((
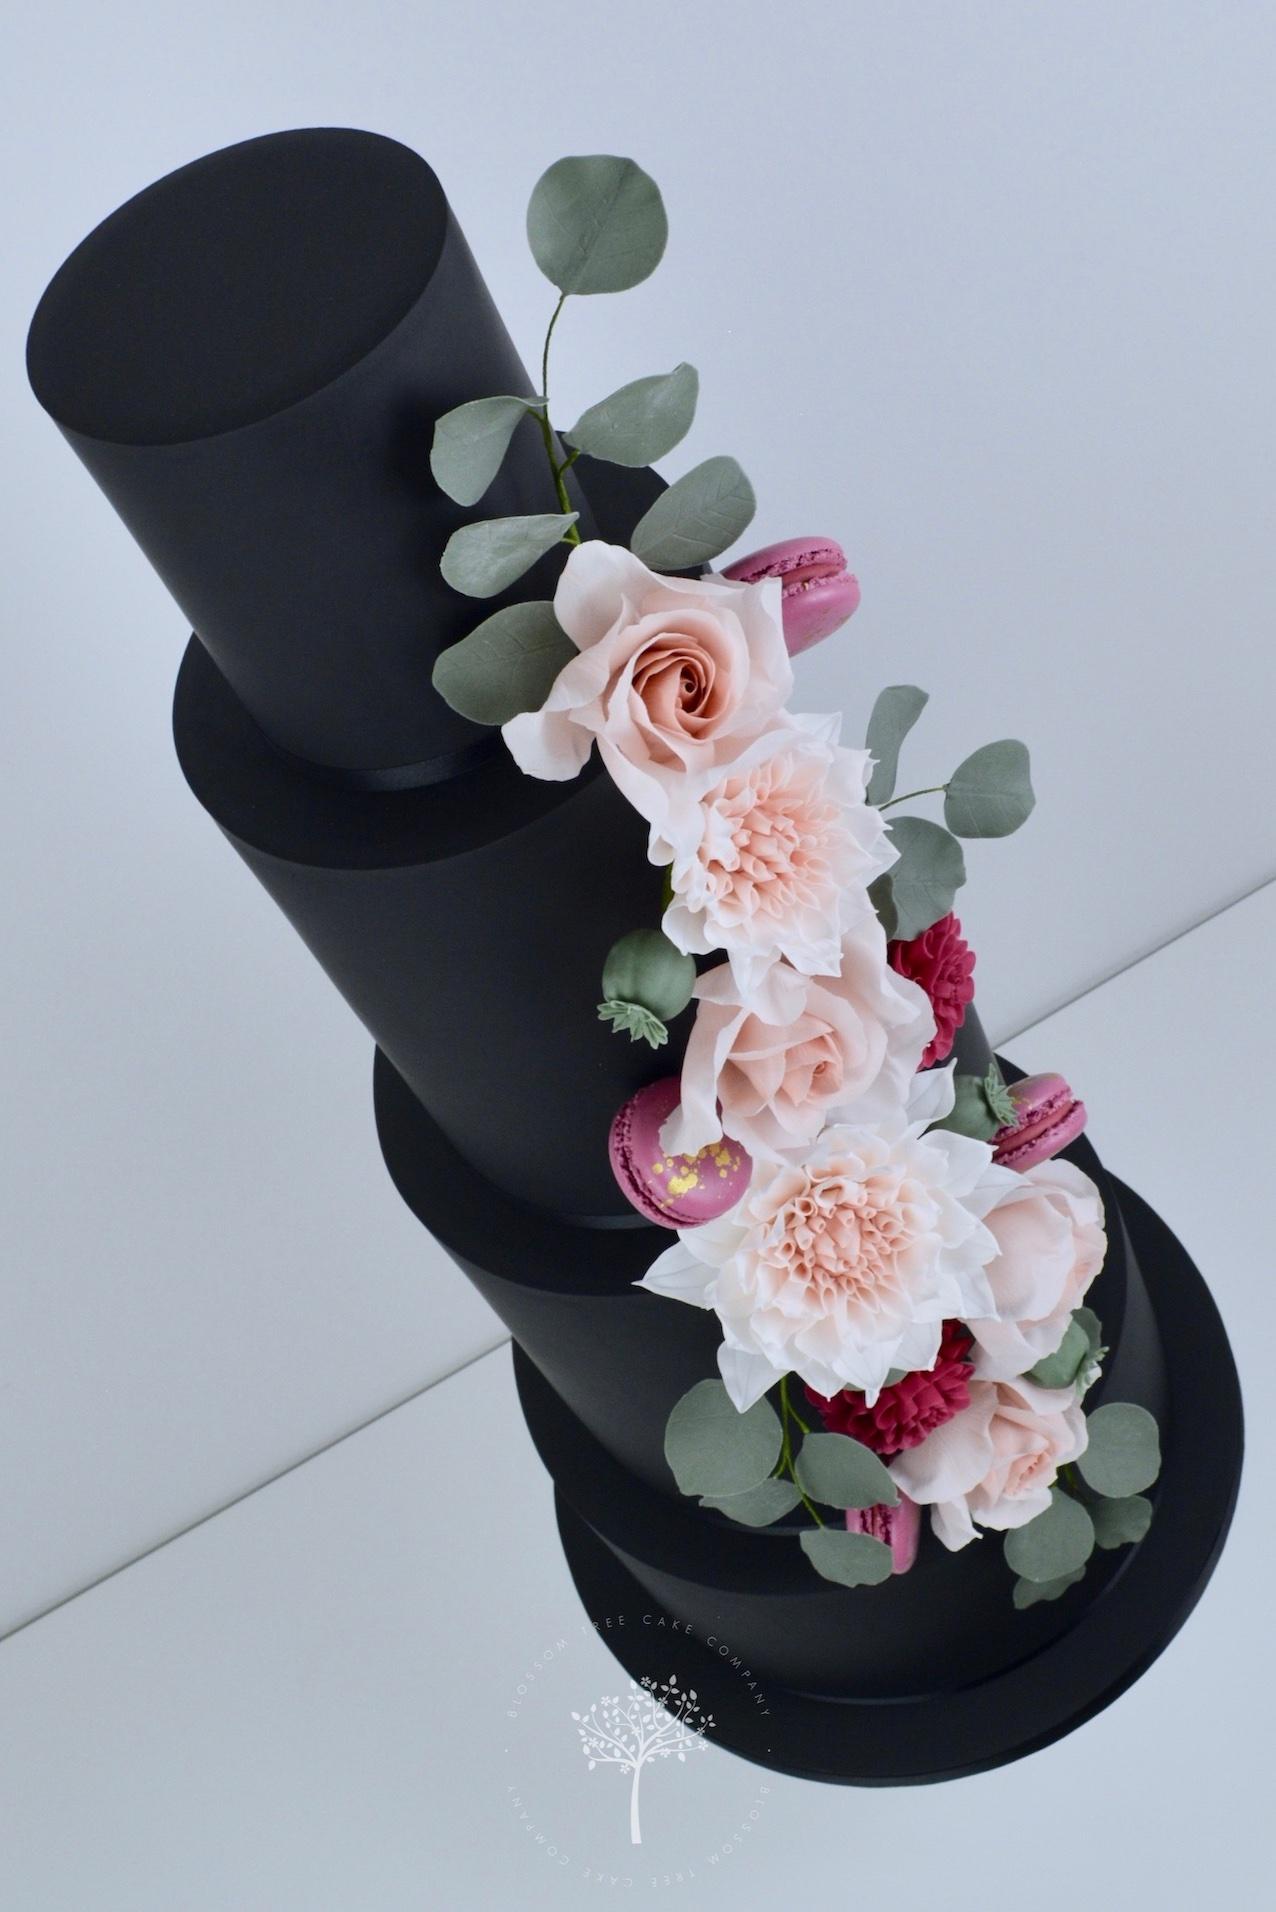 Dahlia & Black wedding cake by Blossom Tree Cake Company Harrogate North Yorkshire - angle.jpg
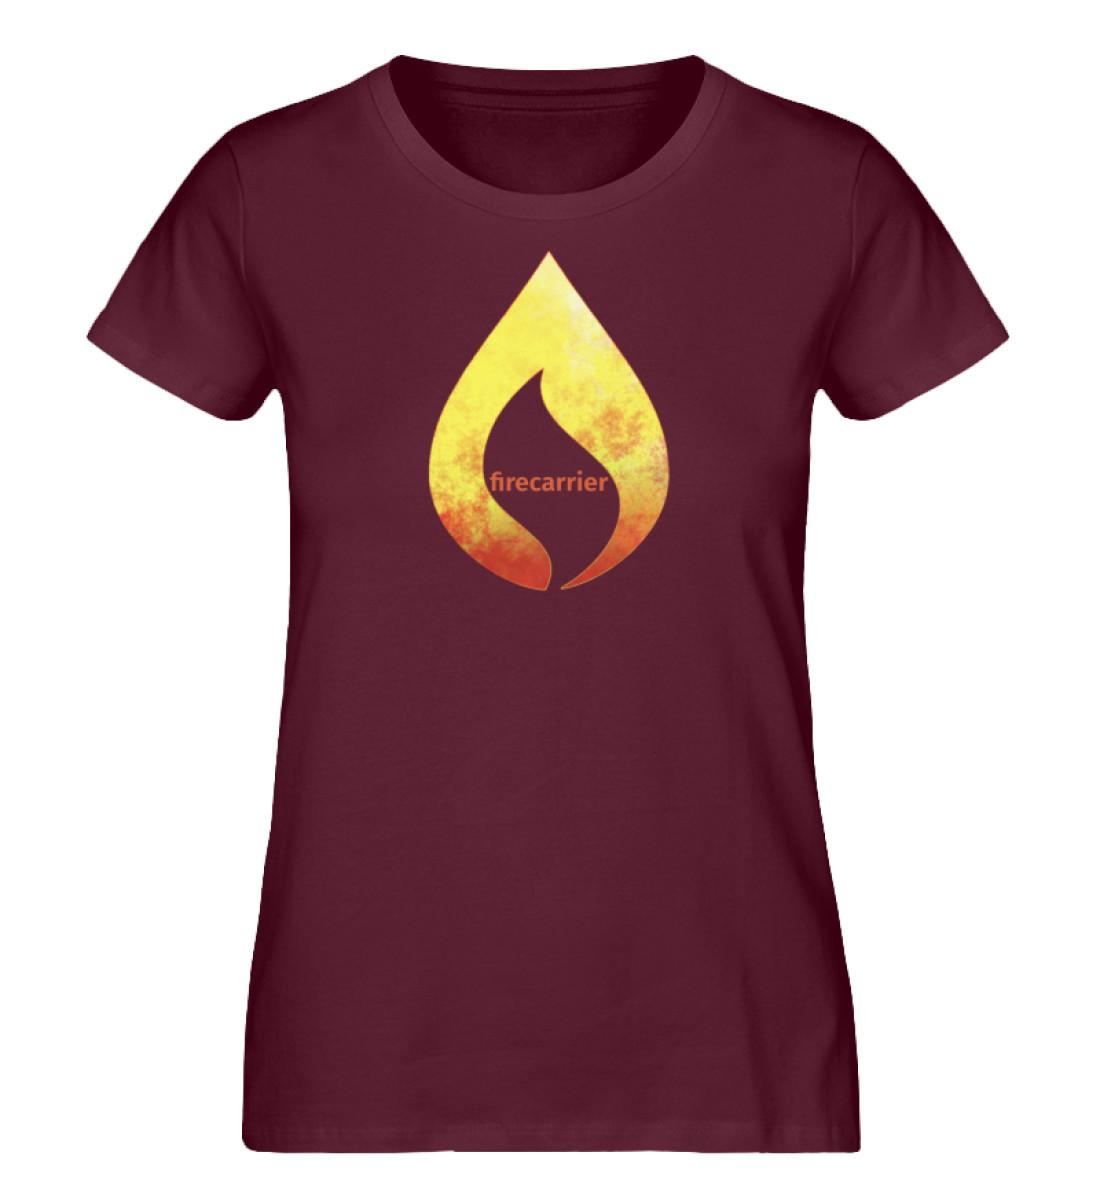 hot fire - Damen Premium Organic Shirt-839
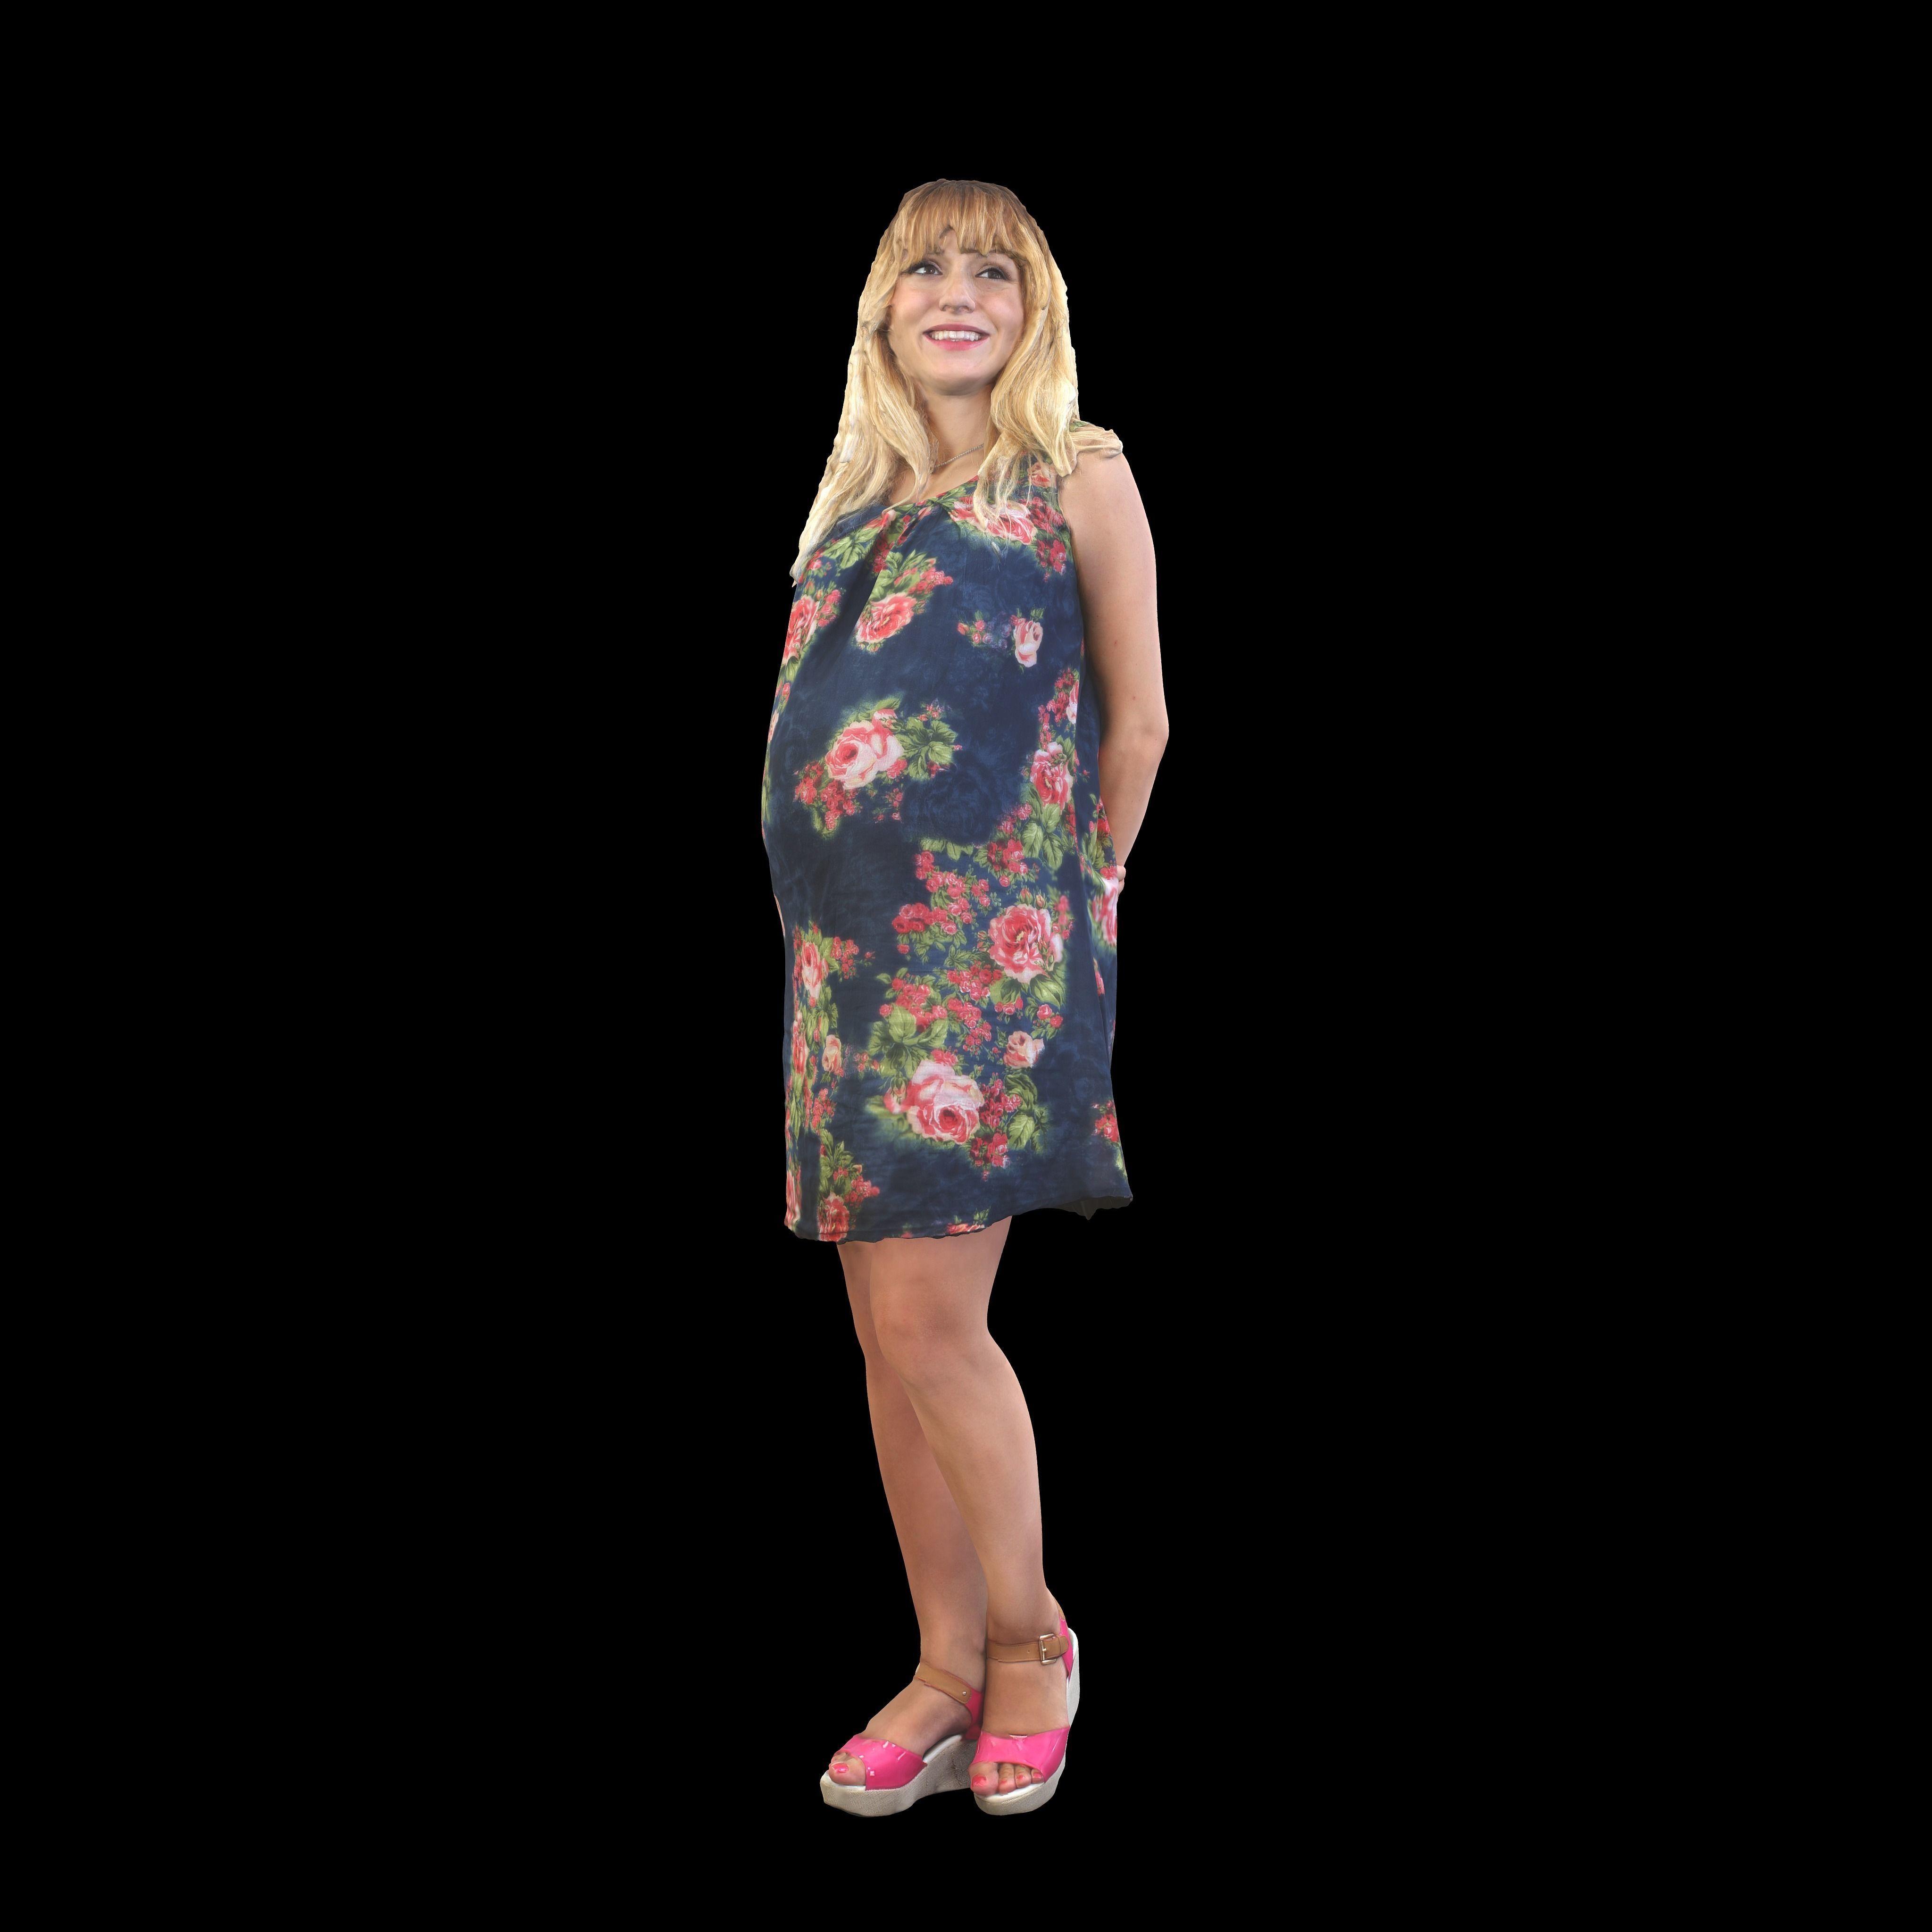 No333 - Pregnant Lady
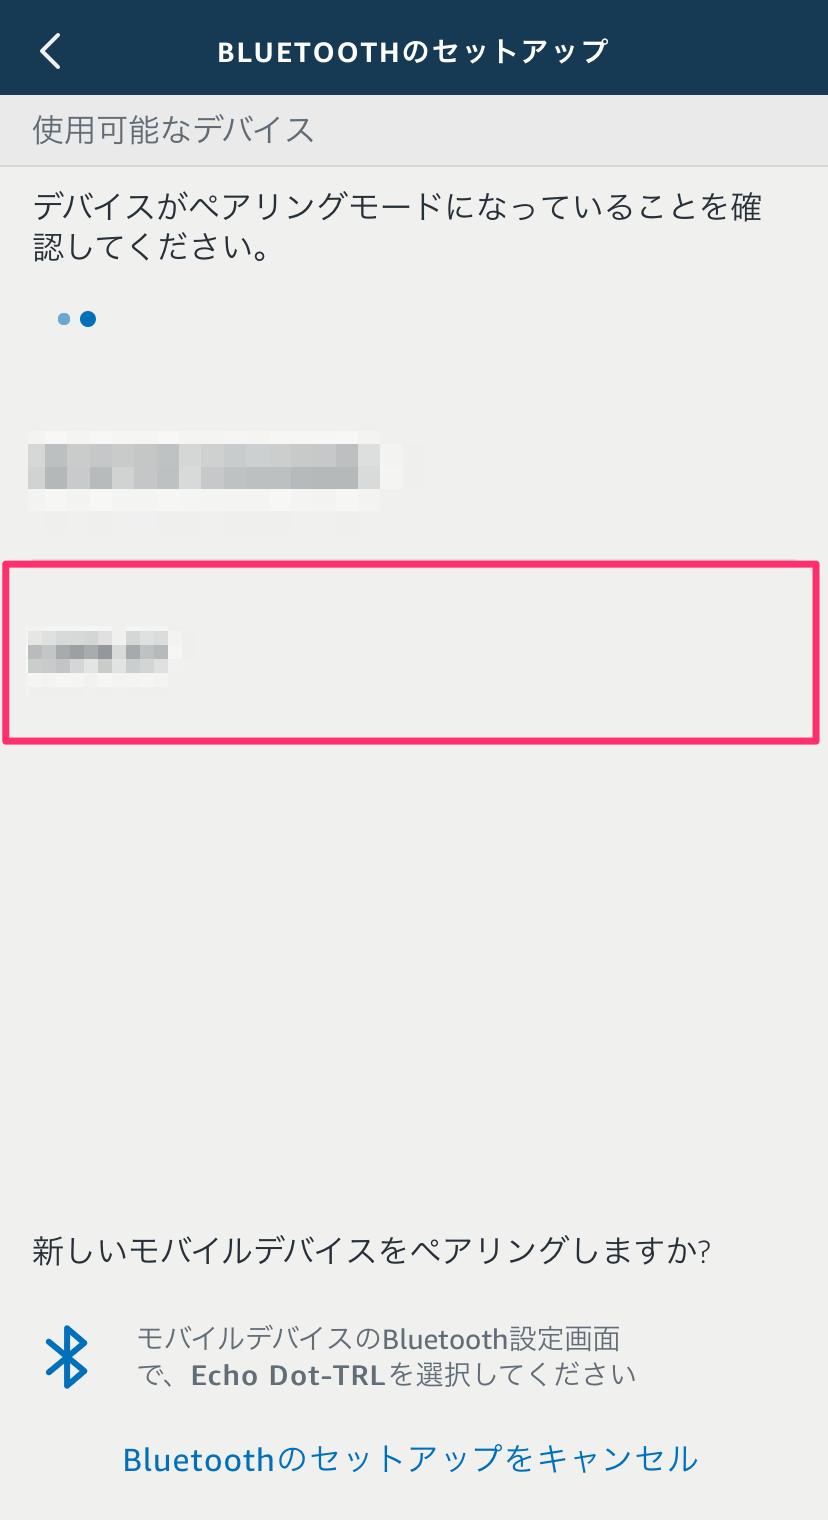 Amazon Echo DotのBluetooth接続方法 STEP8
))
- PROBLEM DESCRIPTION -
Exact reproduction is required for the lines from the one containing "hot fire - Damen Premium Organic Shirt-839" through the end of the material, and for those lines only, without pictures.

- RESULT OF THIS TASK -
 hot fire - Damen Premium Organic Shirt-839
 No333 - Pregnant Lady
 Amazon Echo DotのBluetooth接続方法 STEP8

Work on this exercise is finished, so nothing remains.